## DATA EXCERPT
»»
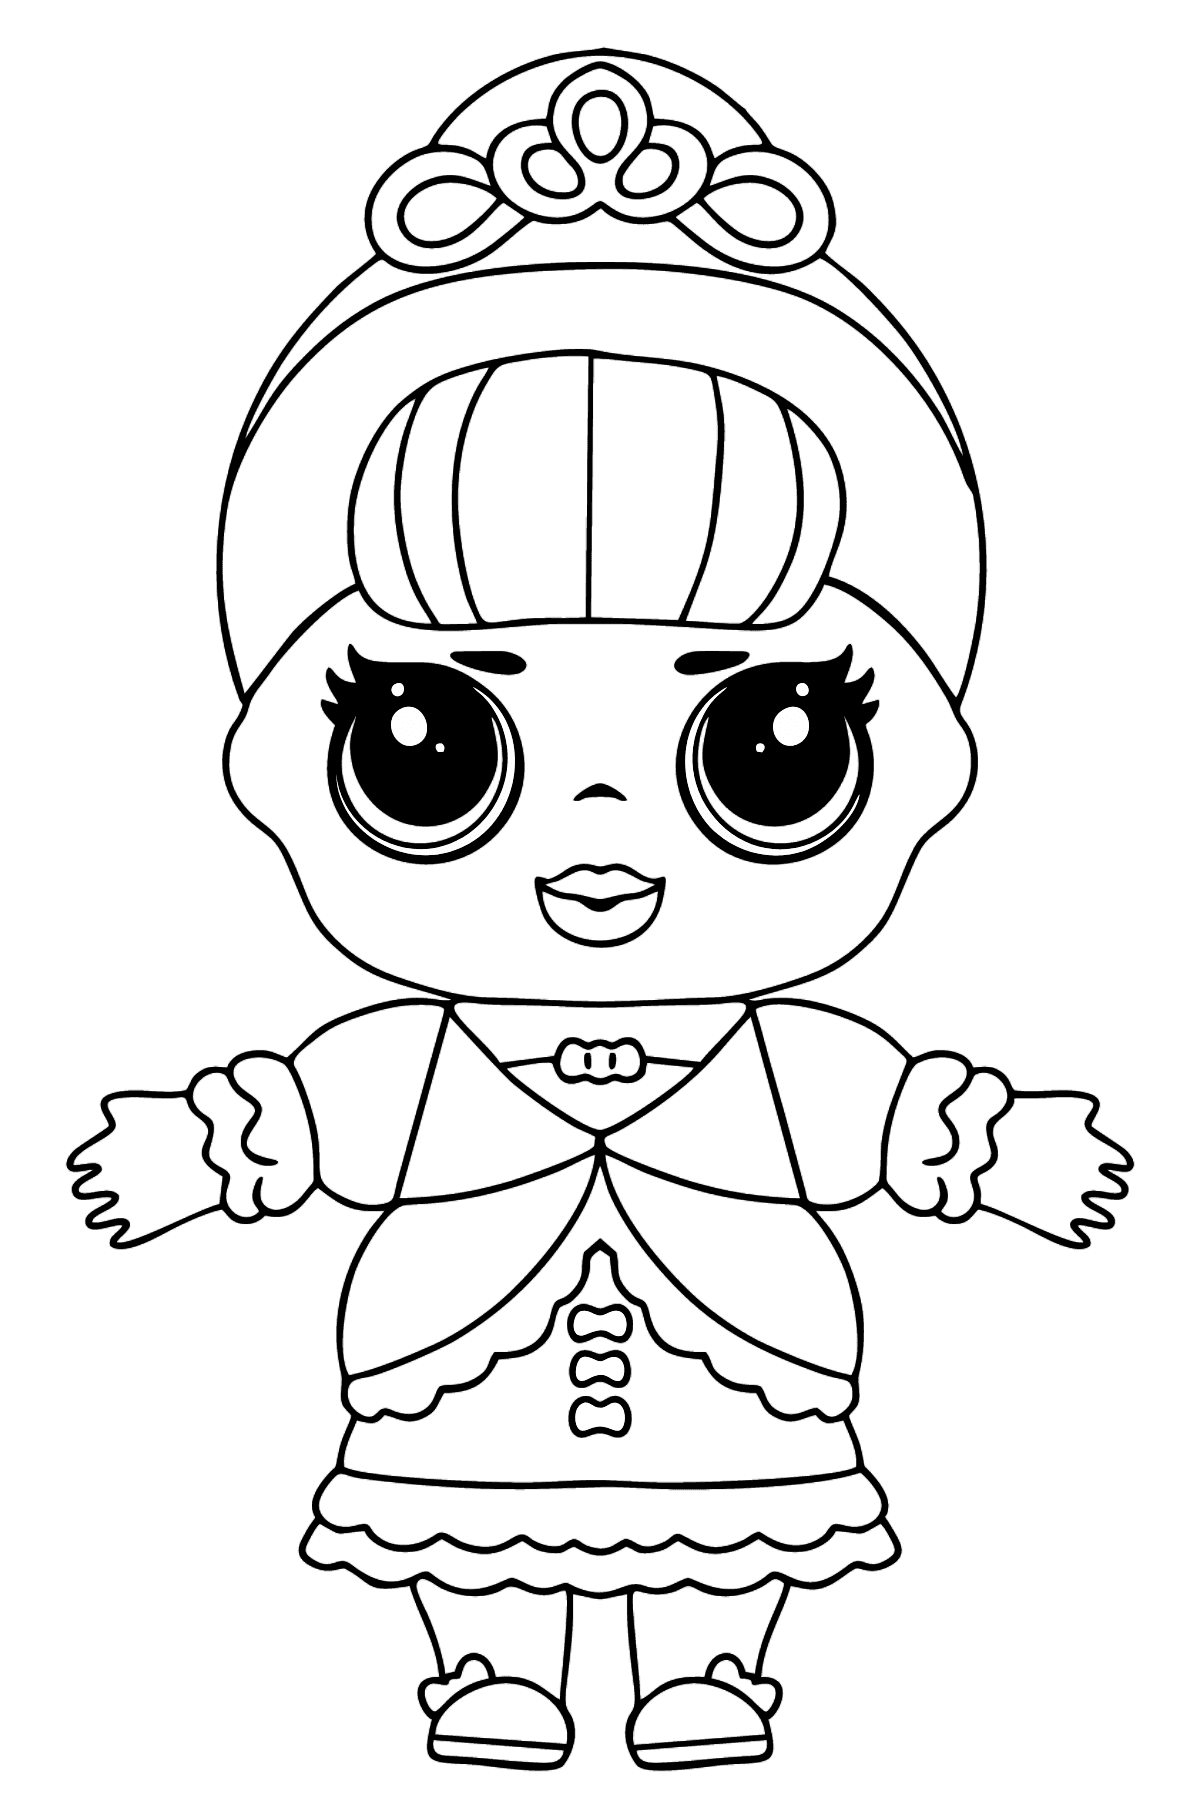 Раскраска кукла ЛОЛ Сюрприз Fancy - Картинки для Детей
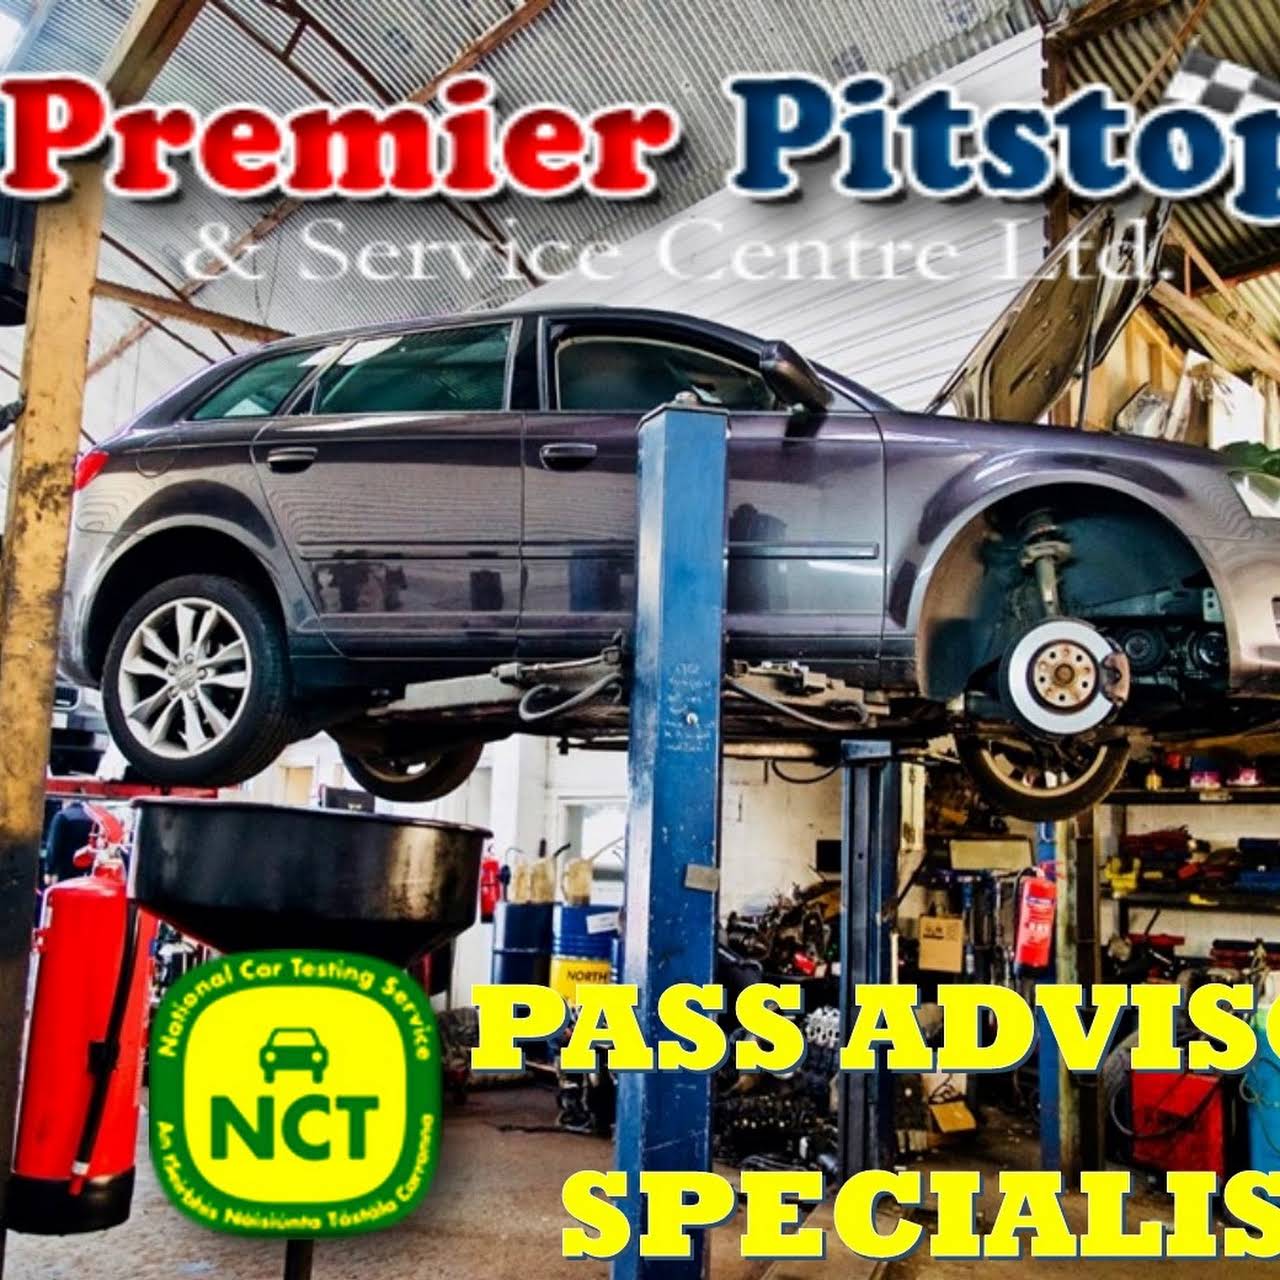 Premier Pitstop & Service Centre Ltd 2
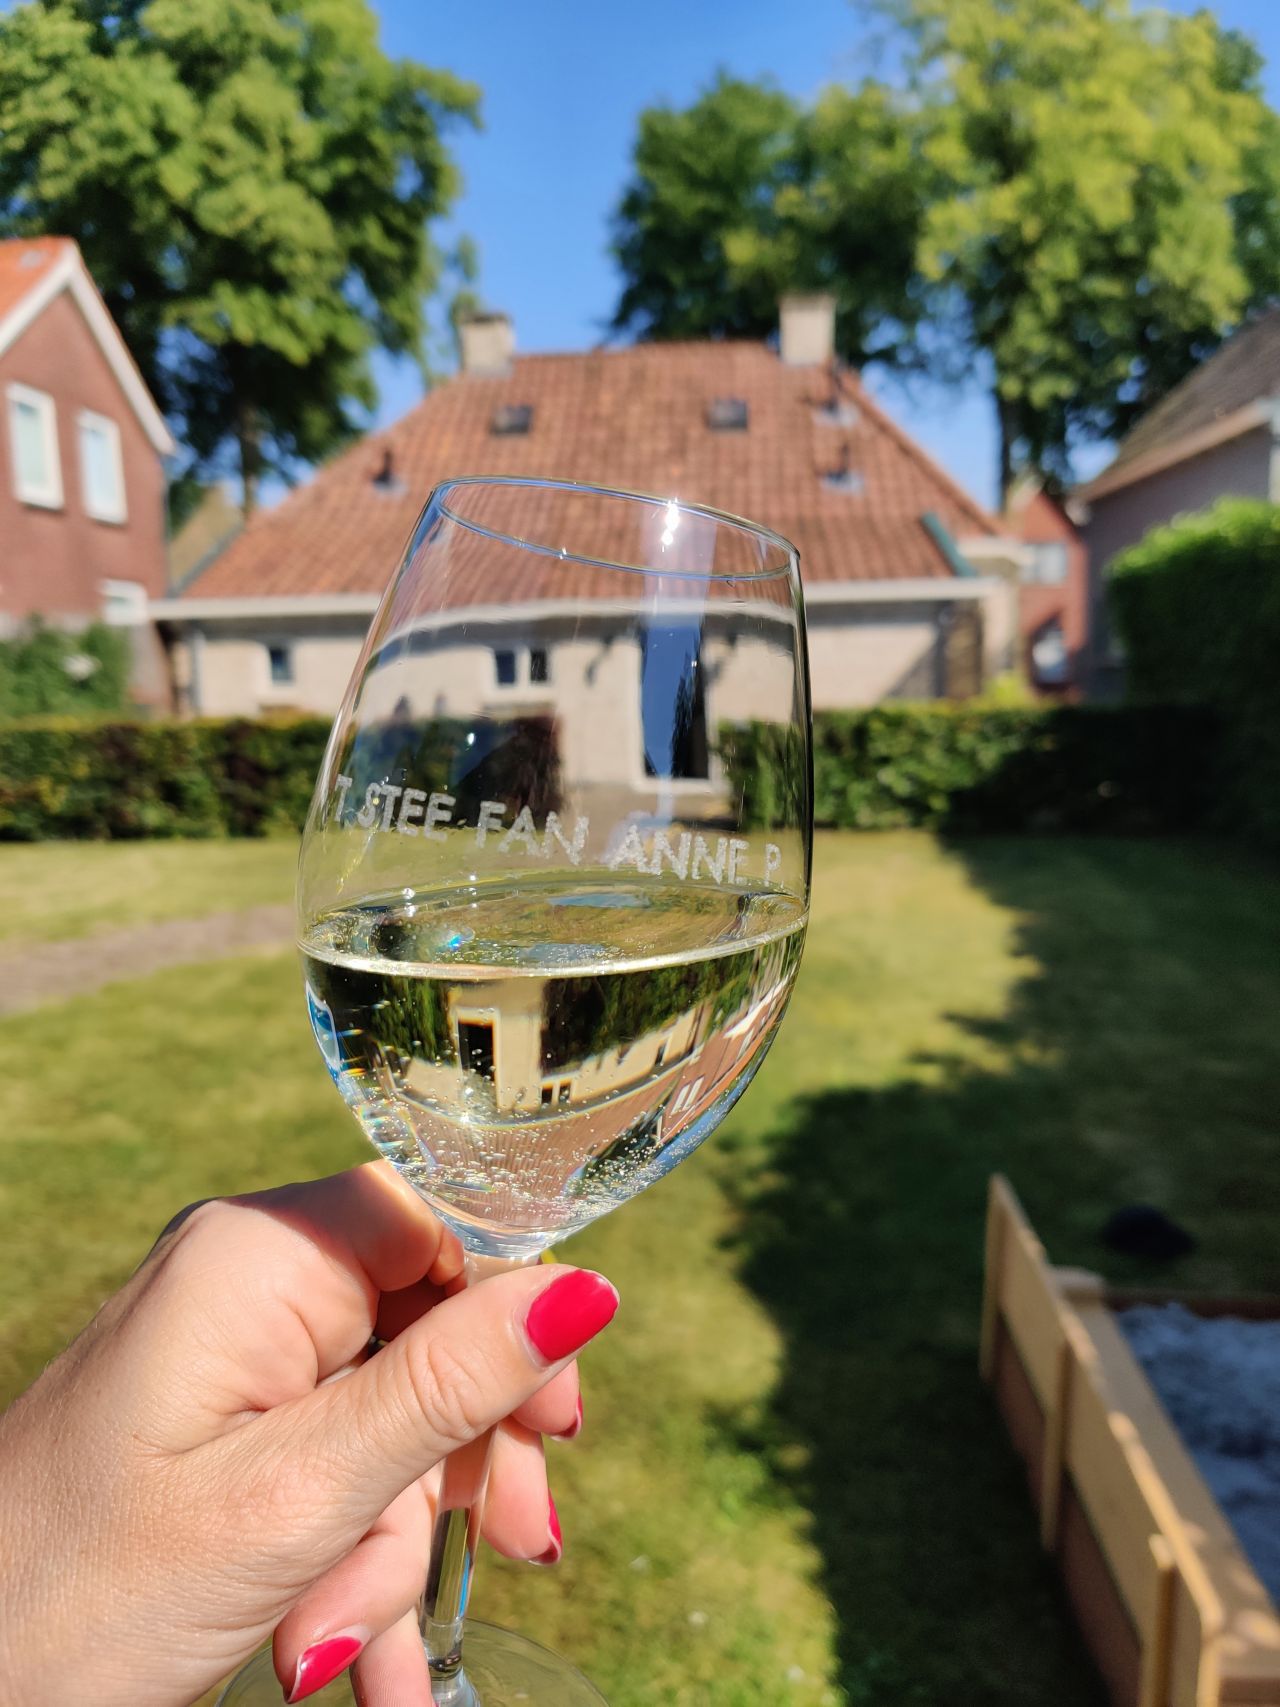 Zuidoost Friesland vakantiehuisje t Stee fan Anne P10
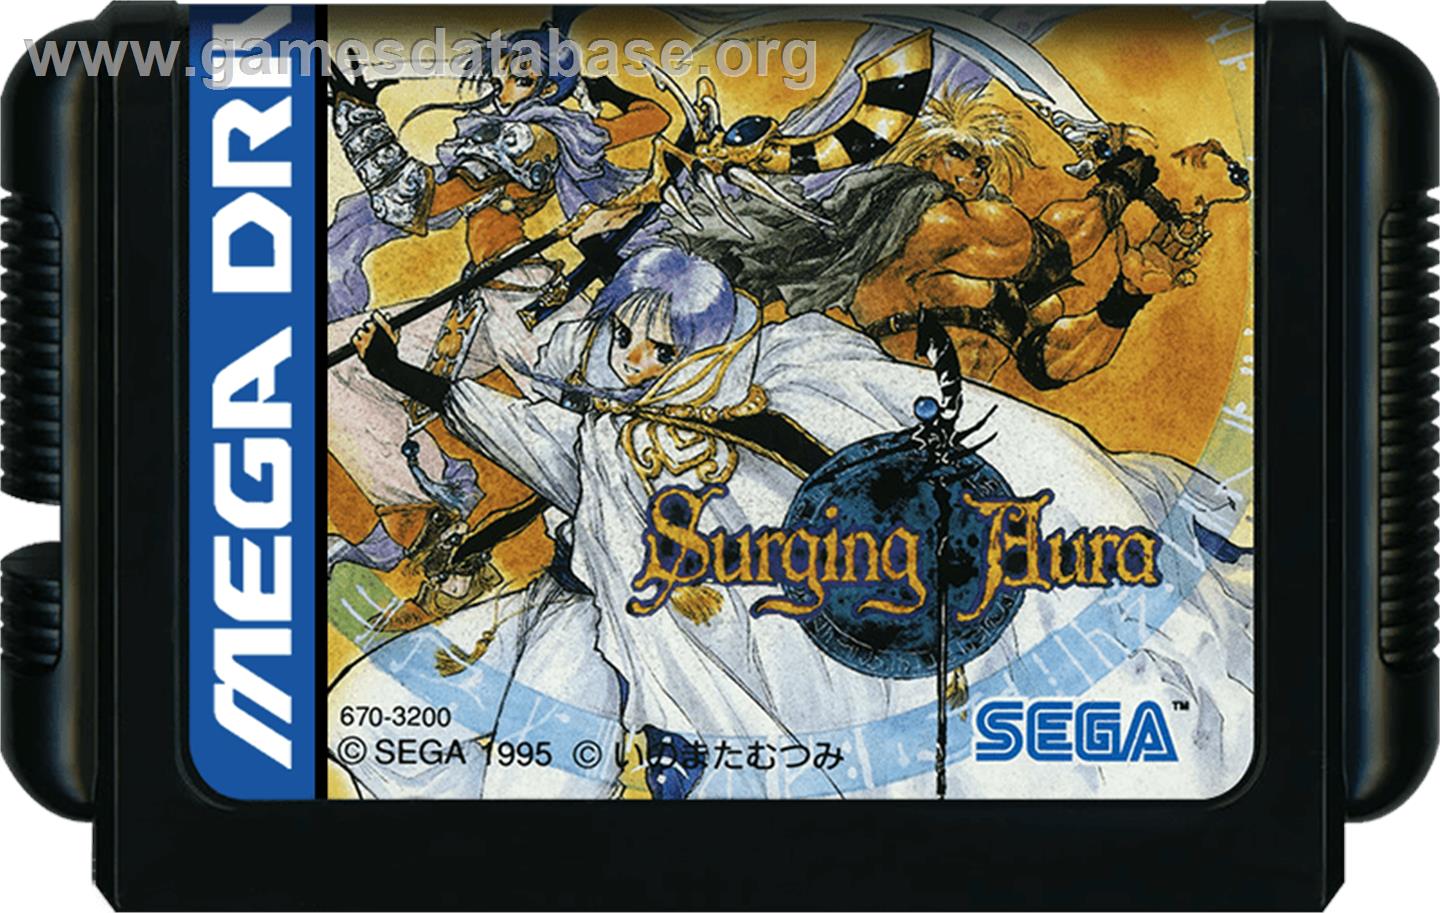 Surging Aura - Sega Genesis - Artwork - Cartridge
««
## HOW TO COMPLETE THIS TASK
The entire listing above is to be copied exactly, with all pictures omitted.

## SOLUTION TO THE PROBLEM
 Раскраска кукла ЛОЛ Сюрприз Fancy - Картинки для Детей
 Premier Pitstop & Service Centre Ltd 2
 Zuidoost Friesland vakantiehuisje t Stee fan Anne P10
 Surging Aura - Sega Genesis - Artwork - Cartridge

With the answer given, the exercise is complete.